# Stomach Fat loss is confusing



## HappyFarmer (Jun 17, 2006)

So, I found a AB Lounger at a tag sale, brand new condition for $20.00 about 3 weeks ago. I've been using it every morning (well, Minimum 4-5 times a week anyway) and am doing 50 "sit-ups". I though it would be great to lose my stomach fat, especially since the floor hurts me if I were to do them on the floor/rug. I just increased them to 60 today, I'm holding the sit up position 1-3 seconds.

So I went online to figure out how to measure my results, and read that sit ups will only strengthen my abdomen wall, NOT lose the fat. I'm confused.

I'm 5'4, and 149 lbs. At 18 I was 115lbs, gained 70 with my 1st, never lost it and then had child 2 then 3. My stomach muscles are shot from the pregnancies, another reason I *thought* the ab lounger might help me. 

Is it true this thing won't help me lose the stomach fat? My son is getting married in April, and I want to look good for the photos plus order a dress soon.

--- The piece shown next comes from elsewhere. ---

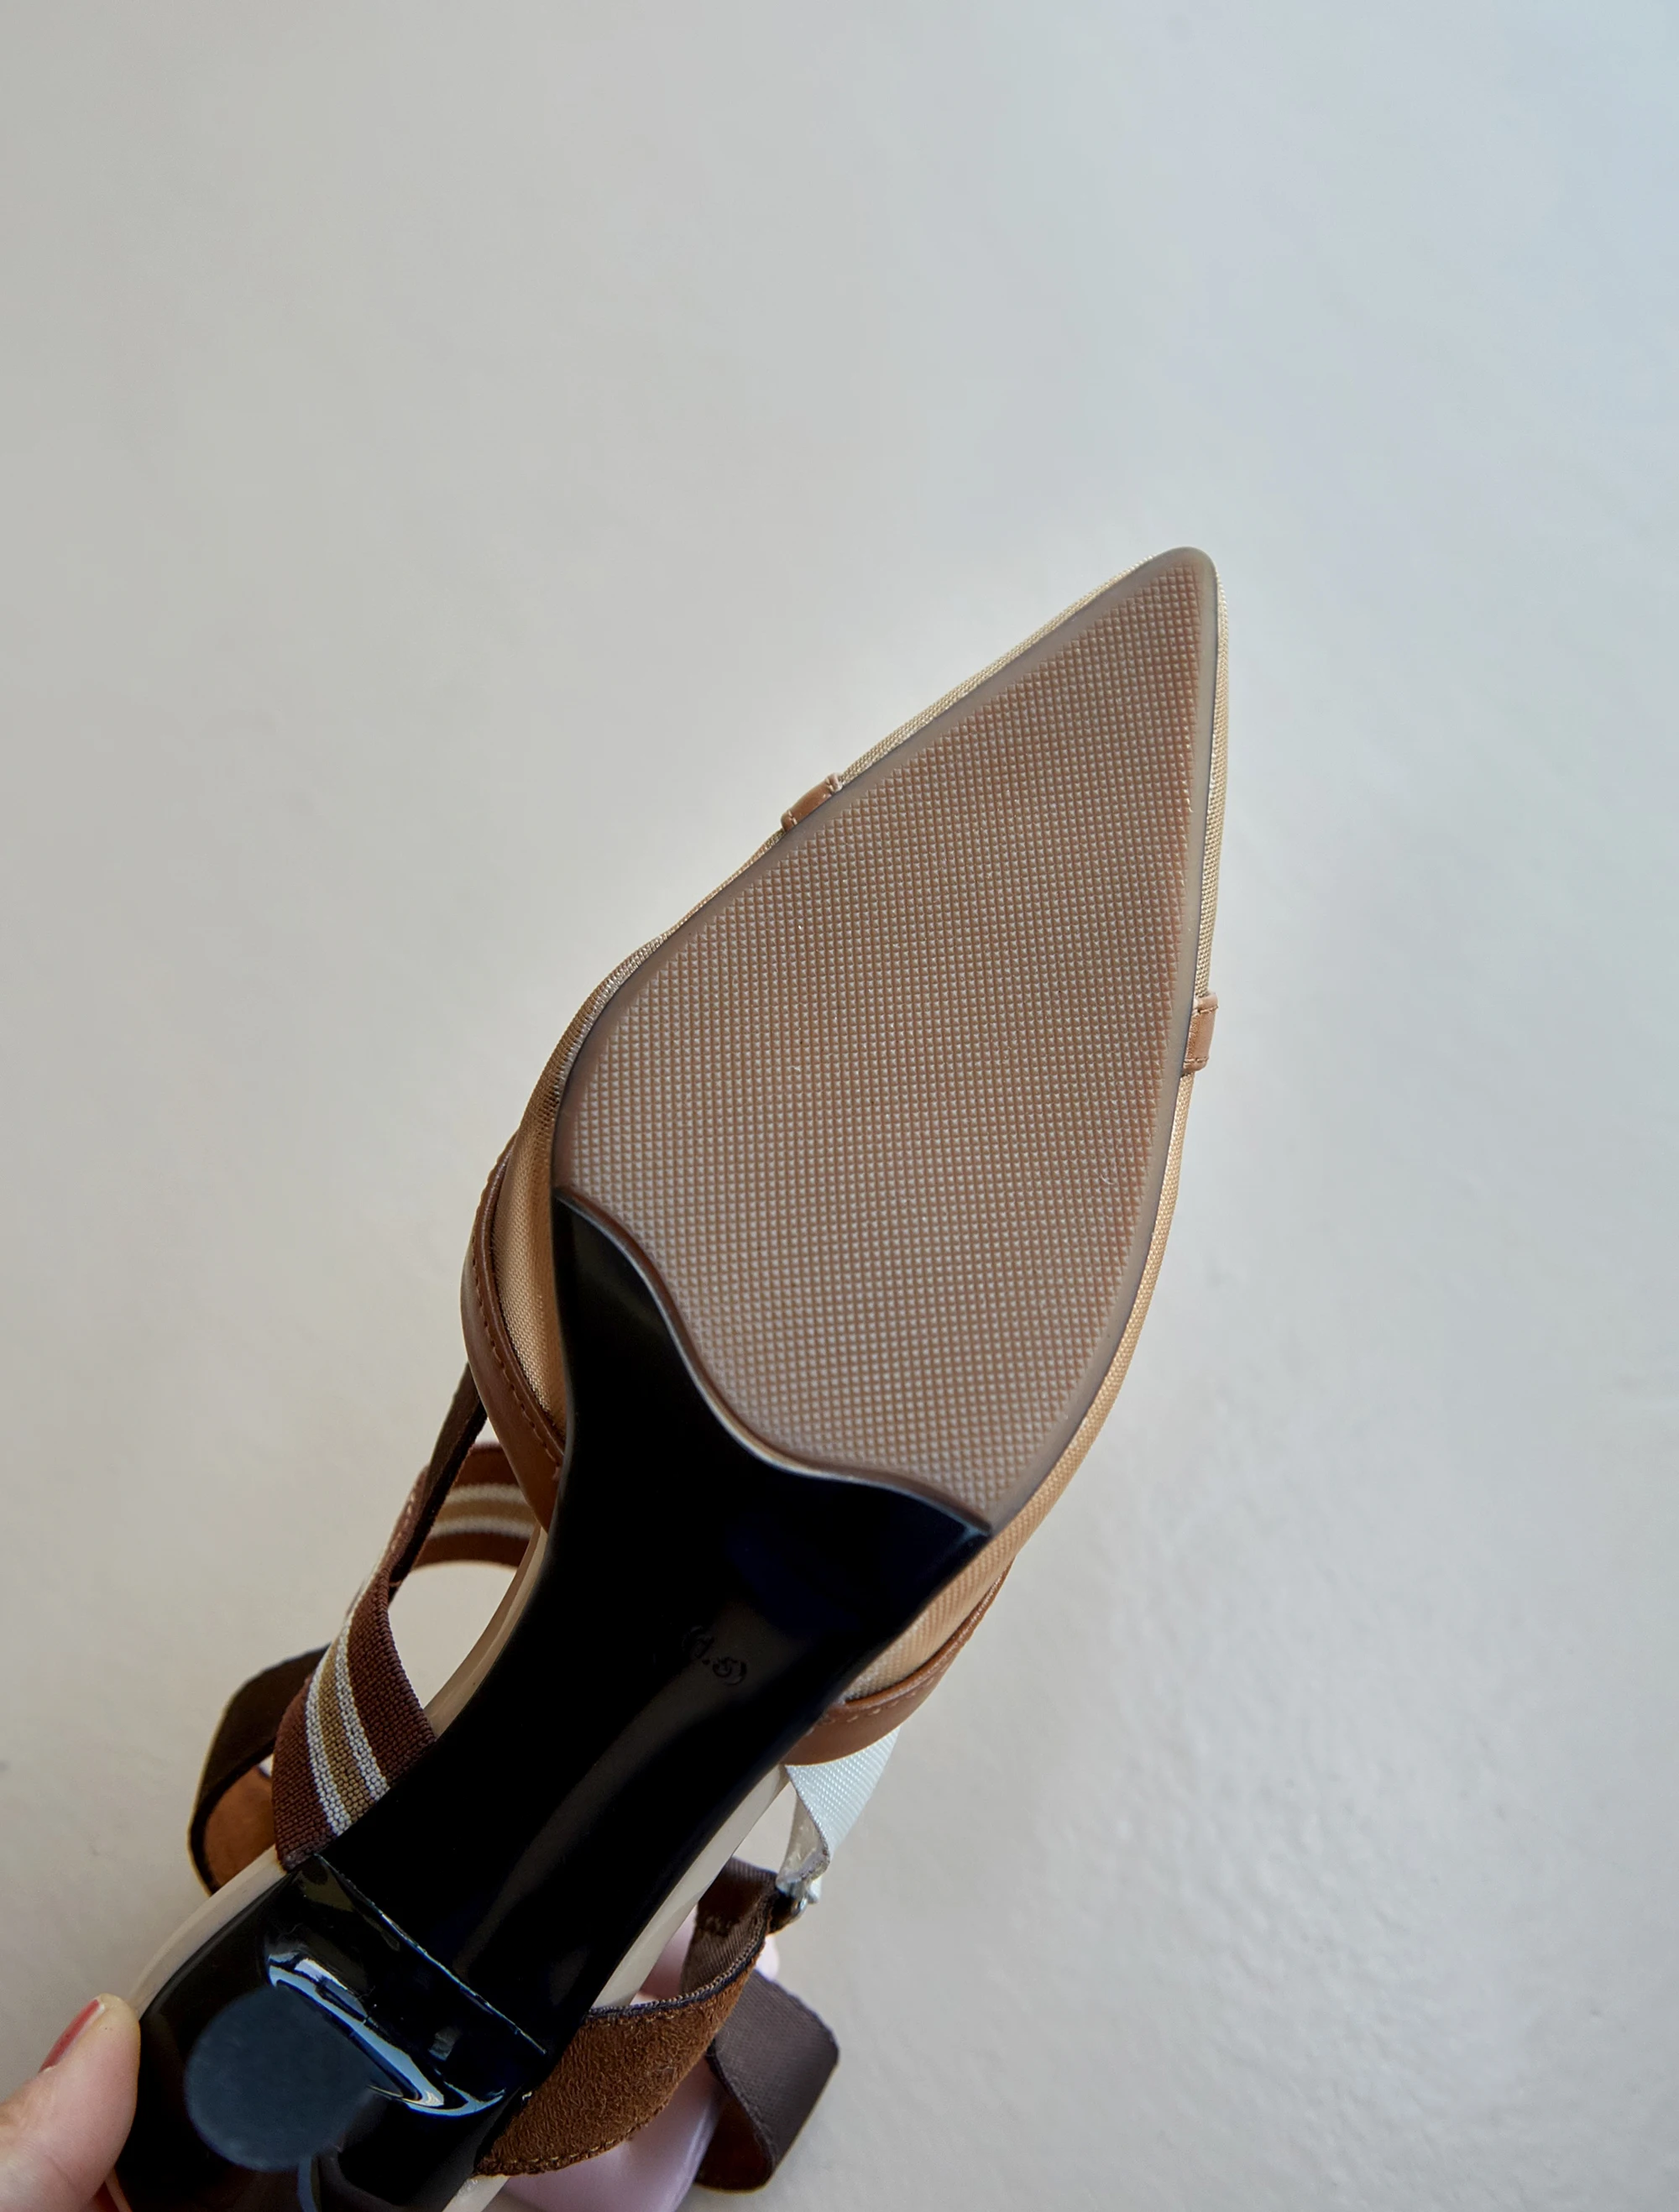 Kmeioo Nueva Moda de la Punta del Dedo del pie zapatos de Tacón Alto Sandalias de Mujer de las Señoras elegantes cómodo Parte de las Bombas de Vestir de cuero Genuino Zapatos de 6cm 1

What other excercizes might help? I plan on cutting down the junk food, just havn't yet.

HF


----------



## ErinP (Aug 23, 2007)

The best thing for fat loss around the stomach is to cut the carbs, particularly refined. 
Exercises won't do anything to _get rid of_ the fat. It'll just tone up the muscle that's under it...


----------



## cindy-e (Feb 14, 2008)

ErinP said:


> The best thing for fat loss around the stomach is to cut the carbs, particularly refined.
> Exercises won't do anything to _get rid of_ the fat. It'll just tone up the muscle that's under it...


Erin, if you cut calories to the point that you burn more than you take in, your body will burn fat. So in that way, exercise does get rid of fat. =0) 

Cindyc.


----------



## Narshalla (Sep 11, 2008)

This won't target the stomach fat, only the stomach muscles.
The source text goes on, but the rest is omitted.